[Raw data]

▼▼▼

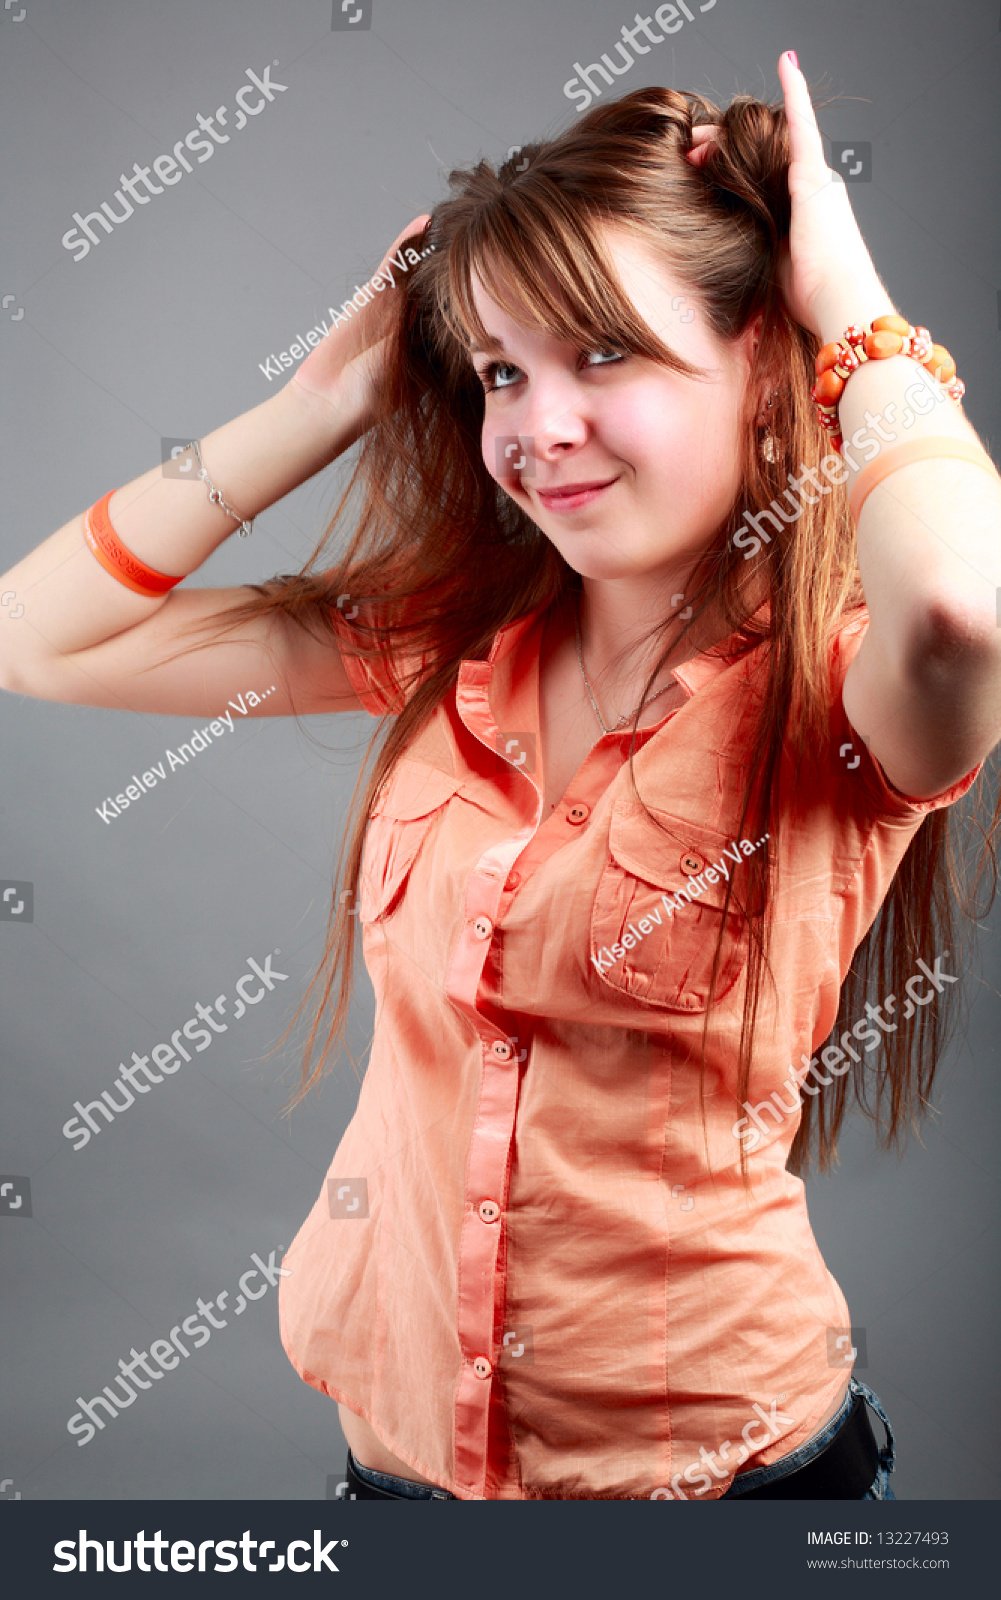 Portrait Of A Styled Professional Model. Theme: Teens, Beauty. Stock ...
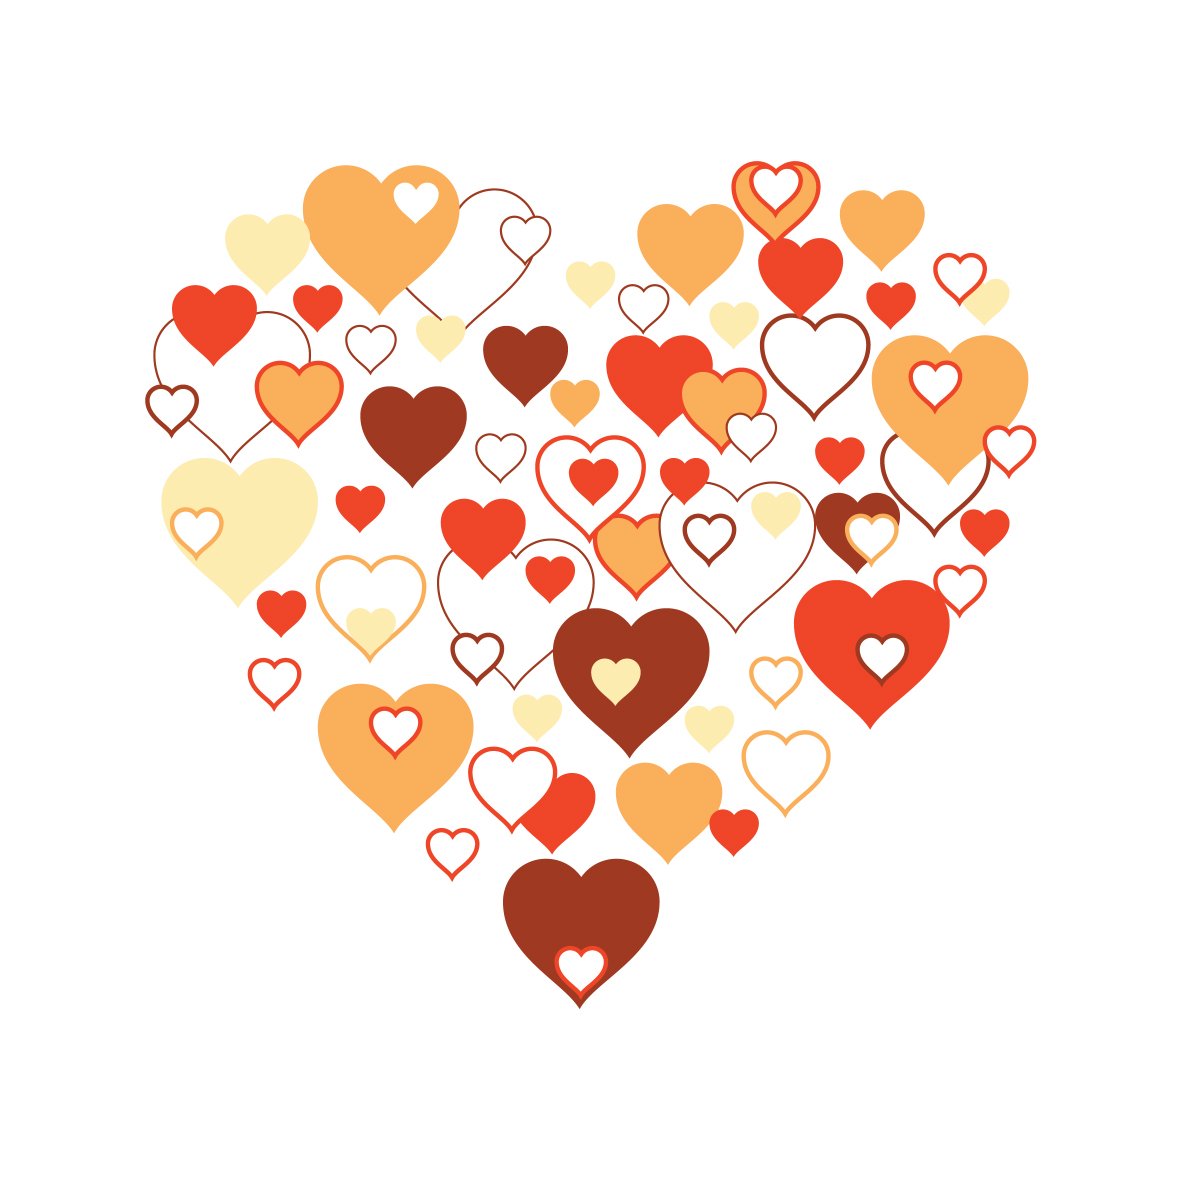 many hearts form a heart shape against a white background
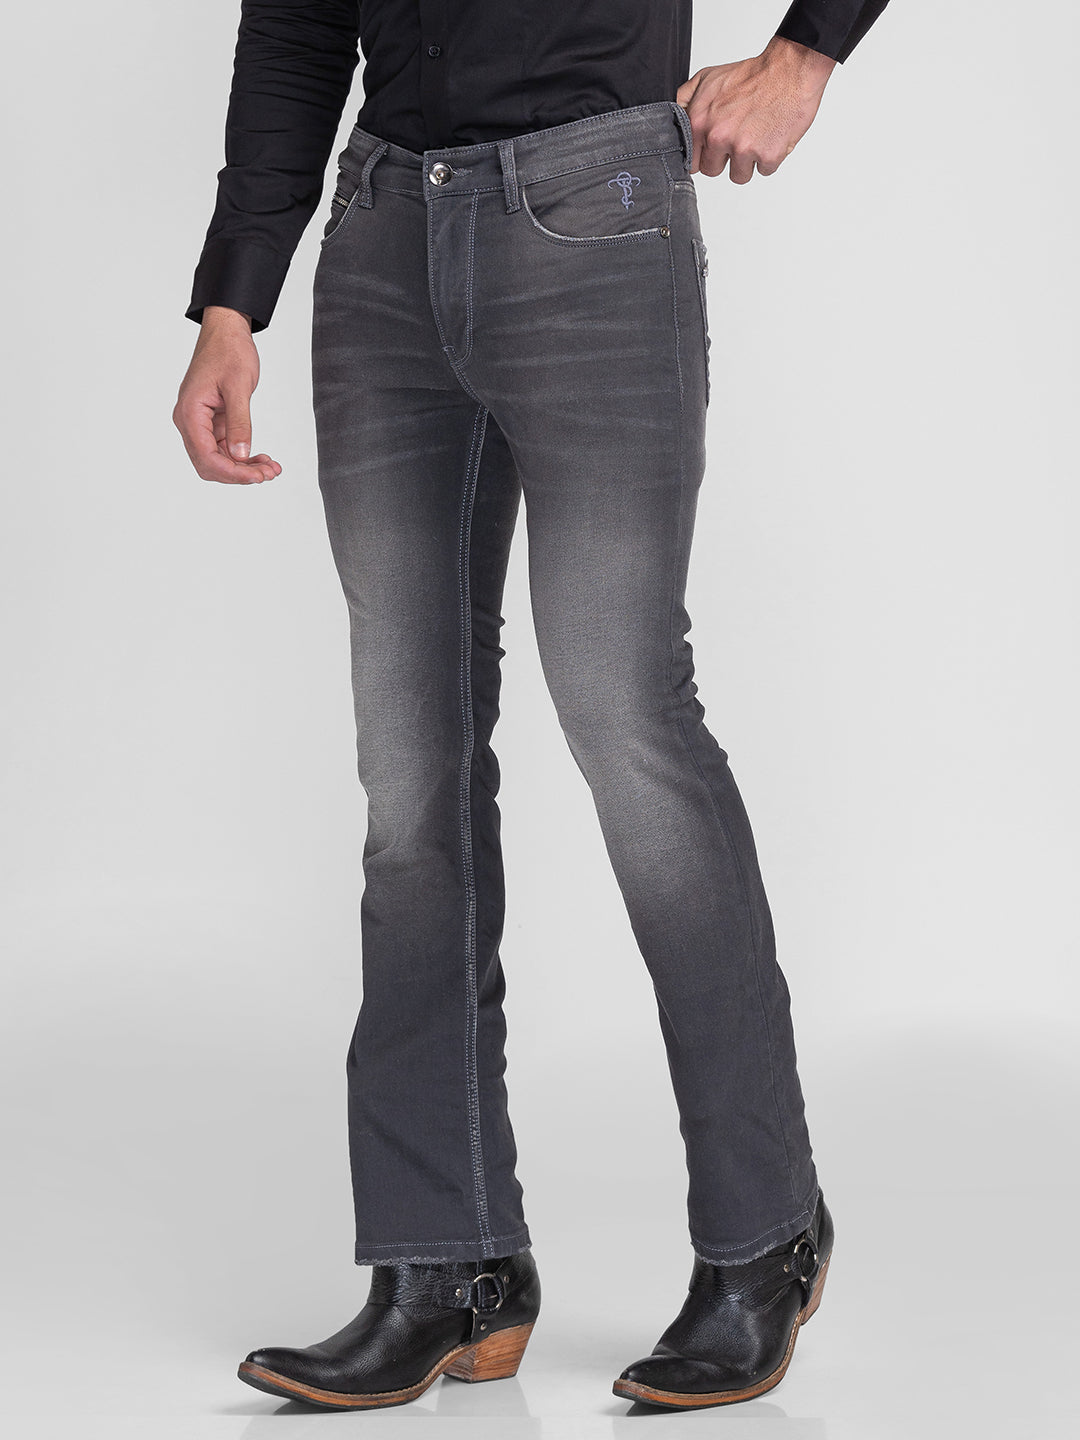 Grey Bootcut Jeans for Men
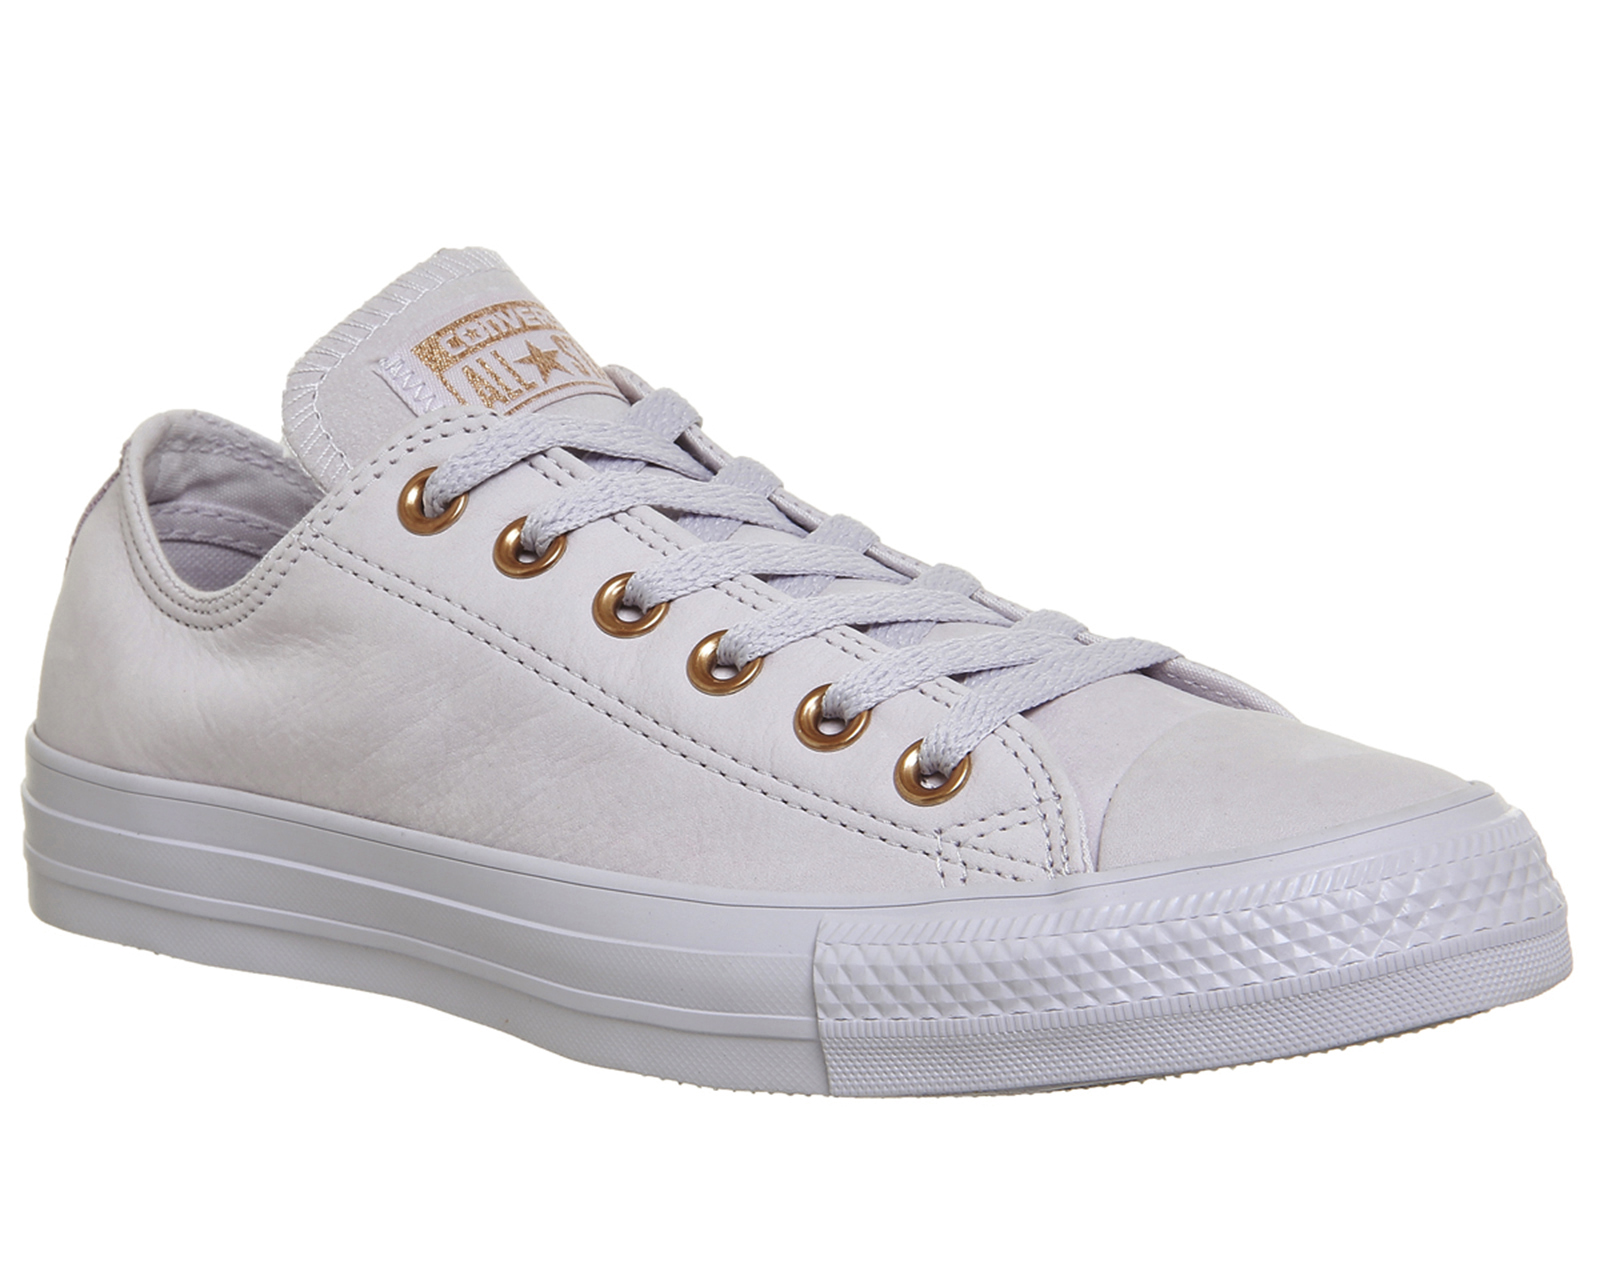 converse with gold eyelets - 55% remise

▲▲▲

Your response should reproduce the entire listing verbatim, minus the pictures.

[Result of this exercise]
 Portrait Of A Styled Professional Model. Theme: Teens, Beauty. Stock ...
 many hearts form a heart shape against a white background
 Grey Bootcut Jeans for Men
 converse with gold eyelets - 55% remise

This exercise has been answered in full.